By multiplying A and X using right matrix multiplication (AX), we effectively perform a weighted sum of the neighboring nodes' features for each node in the graph. This operation allows the node to aggregate information from its neighbors, capturing the local structural information in the graph. The resulting matrix AX has dimensions (N x F), where N is the number of nodes in the graph and F is the number of features.

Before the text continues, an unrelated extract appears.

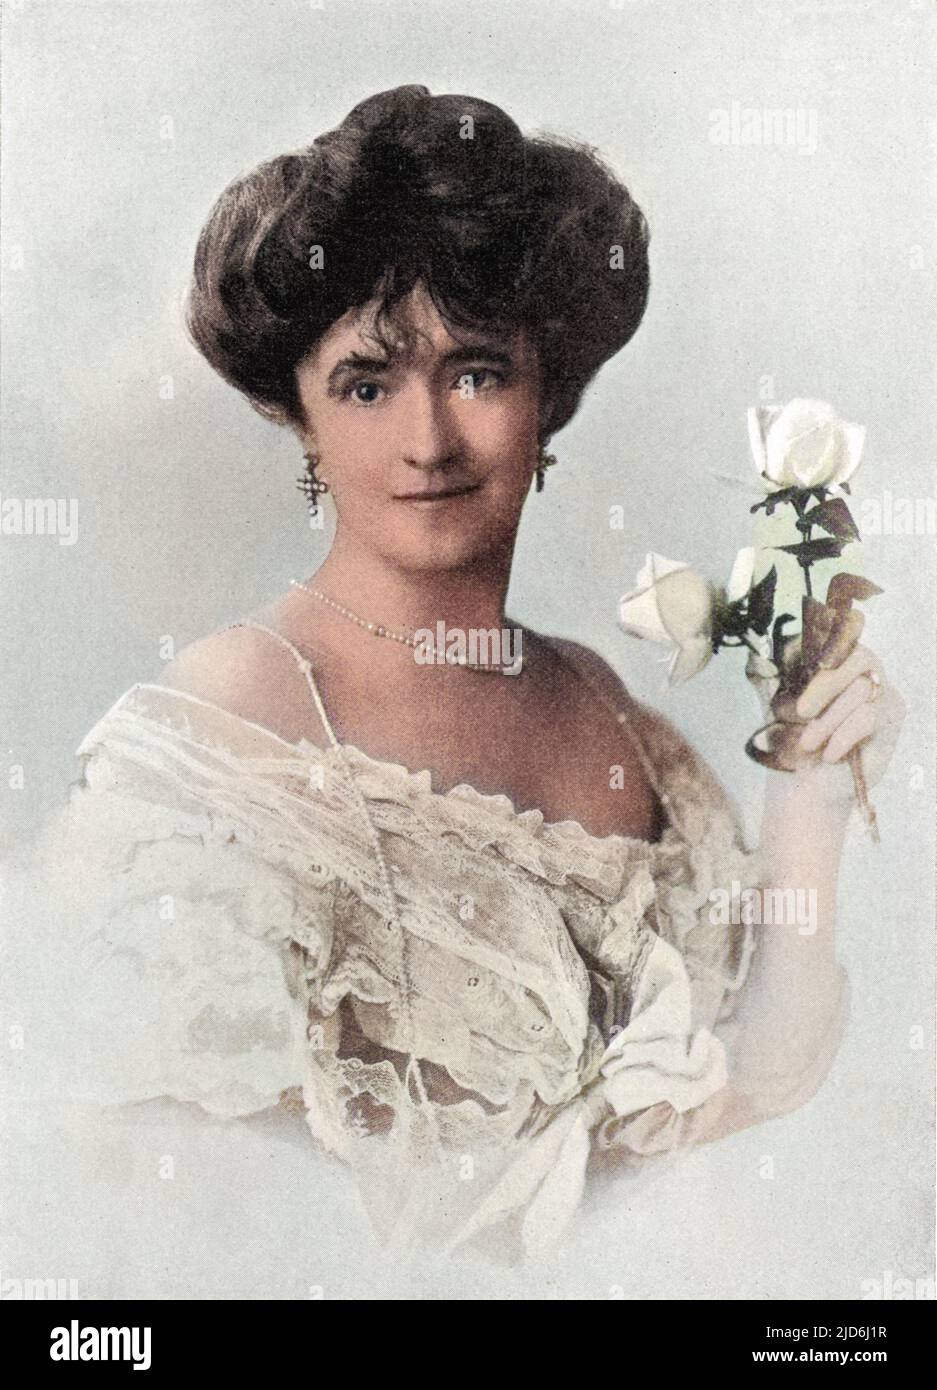 Lucy Christiana, Lady Duff Gordon, a leading fashion designer better known by her professional name, 'Lucile'. She was the proprietor of Lucile's, Hanover Square, famous for the 'emotional' gown. Sister of the writer, Elinor Glyn and wife of Sir Cosmo Duff Gordon. Colourised version of: 10284957       Date: 1863-1935 Stock Photo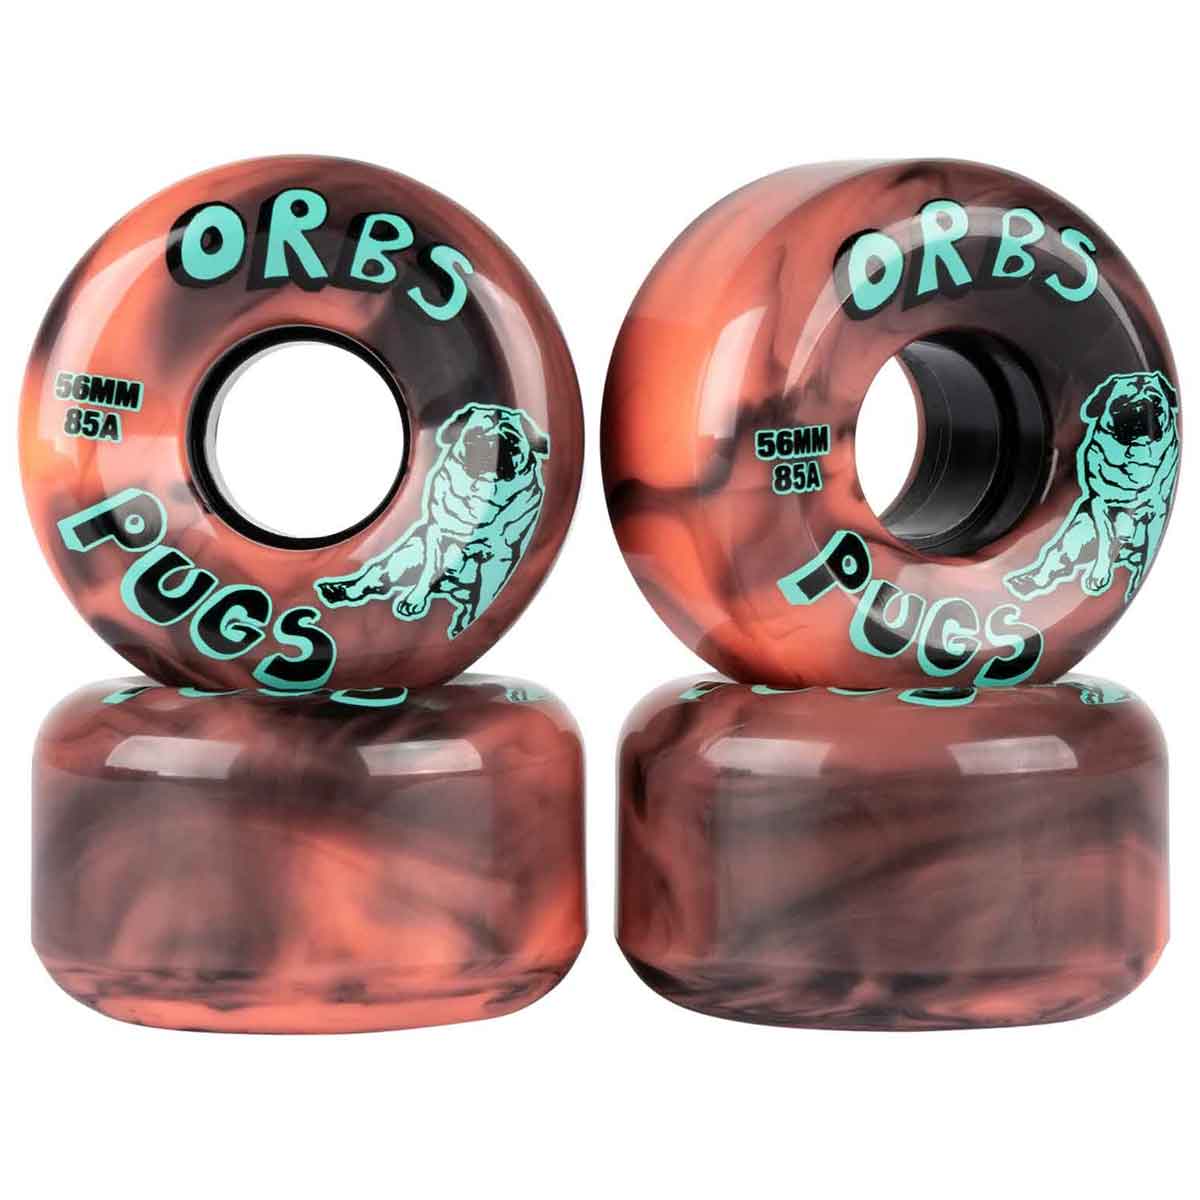 ORBS SKATEBOARD WHEELS CORAL BLACK WHITE 54MM 85A NEW RAD FAST SMOOTH PUGS

If we were to use the alternative formulation AWX, the multiplication would be done differently. Here, AW would represent a weighted adjacency matrix, where each entry AW[i, j] would denote the contribution of node j's features to node i. However, the subsequent multiplication with X would cause a mismatch in dimensions.


In [18]:
import torch

# Node feature matrix (X)
X = torch.tensor([[1., 2.],
                  [3., 4.]])

# Adjacency matrix (A)
A = torch.tensor([[0., 1.],
                  [1., 0.]])

# Weight matrix (W)
W = torch.tensor([[0.1, 0.2],
                  [0.3, 0.4],
                  [0.5, 0.6]])


In [27]:
torch.matmul(W,X)

tensor([[0.7000, 1.0000],
        [1.5000, 2.2000],
        [2.3000, 3.4000]])

In [28]:
# But we cannot do
torch.matmul(A,torch.matmul(W,X))

RuntimeError: ignored

In this example, the dimensions of A are [2 x 2], the dimensions of W are [3 x 2], and the dimensions of X are [2 x 2]. When we attempt to compute AWX using the incorrect order, a dimension mismatch occurs. The error message indicates that the matrix multiplication between [2 x 2] and [2 x 3] is not valid because the number of columns in the first matrix does not match the number of rows in the second matrix.

This demonstrates the importance of following the correct order (AXW) in GNN formulations, where the adjacency matrix A is multiplied with the node feature matrix X first, followed by multiplication with the weight matrix W. The correct formulation ensures that the dimensions align correctly for matrix multiplication and preserves the desired neighborhood aggregation.